Chapter 18: A Recrudescence of Divine Right, 24.39-24.57%
The monarchy returned with a vengeance. Everyone tried to act like the Revolution and the Empire had never been. But people were "at one and the same time, in love with the future, Liberty, and the past, Napoleon. Defeat had rendered the vanquished greater. Bonaparte fallen seemed more lofty than Napoleon erect. Those who had triumphed were alarmed... This terror was the result of the quantity of revolution which was contained in him. That is what explains and excuses Bonapartist liberalism."

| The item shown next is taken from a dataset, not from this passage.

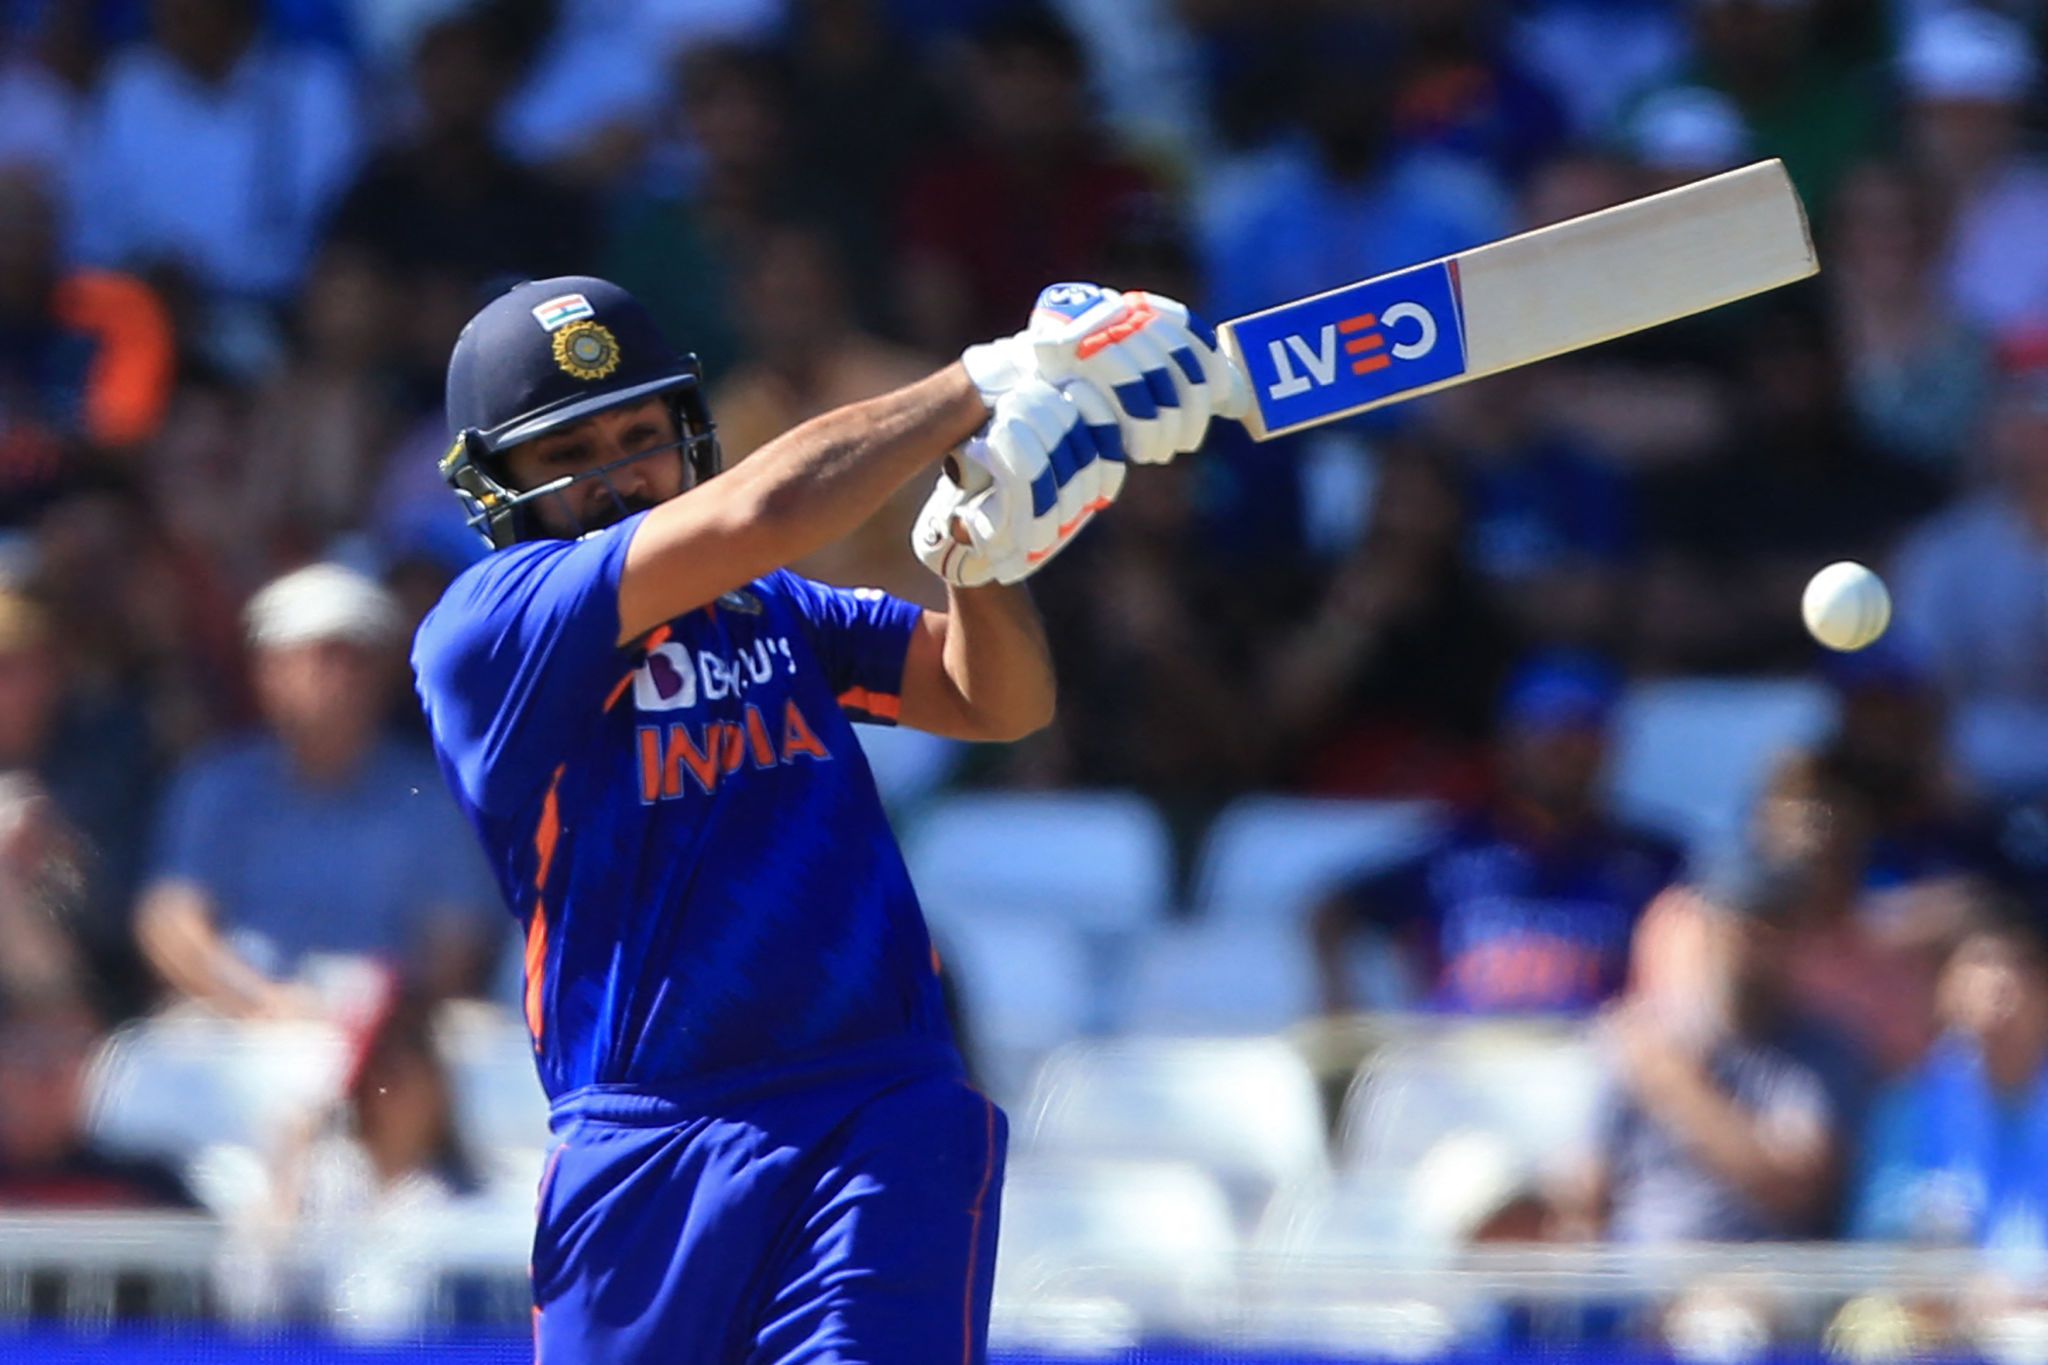 वेस्टइंडीज के खिलाफ पहले टी20 में जीत के बावजूद नाखुश हैं कप्तान रोहित शर्मा, बल्लेबाजों को सुनाई खरी-खोटी

Chapter 19: The Battle-Field at Night, 24.57-24.98%
On the night of the 19th of June, the moon was full. One of the hideous features of war is the looting of corpses. Some say this is done by soldiers of the winning army, but Hugo doesn't believe it. Every army has its hangers-on, who follow but do not belong. It's them who strip the dead bodies. Towards midnight one such man was moving about near the hollow road of Ohain - now no longer hollow because of being filled with bodies. He saw a gold ring on a hand, and removed it. Before he could move away, the hand grabbed his coat. He pulled the not-actually-dead body out of the pile. It was an officer, and the prowler promptly stole his Legion of Honour cross, his watch and his purse. The officer woke up and thanked the prowler for saving him. He asked his name and rank: Thenardier, sergeant. ""I shall not forget that name," said the officer; "and do you remember mine. My name is Pontmercy."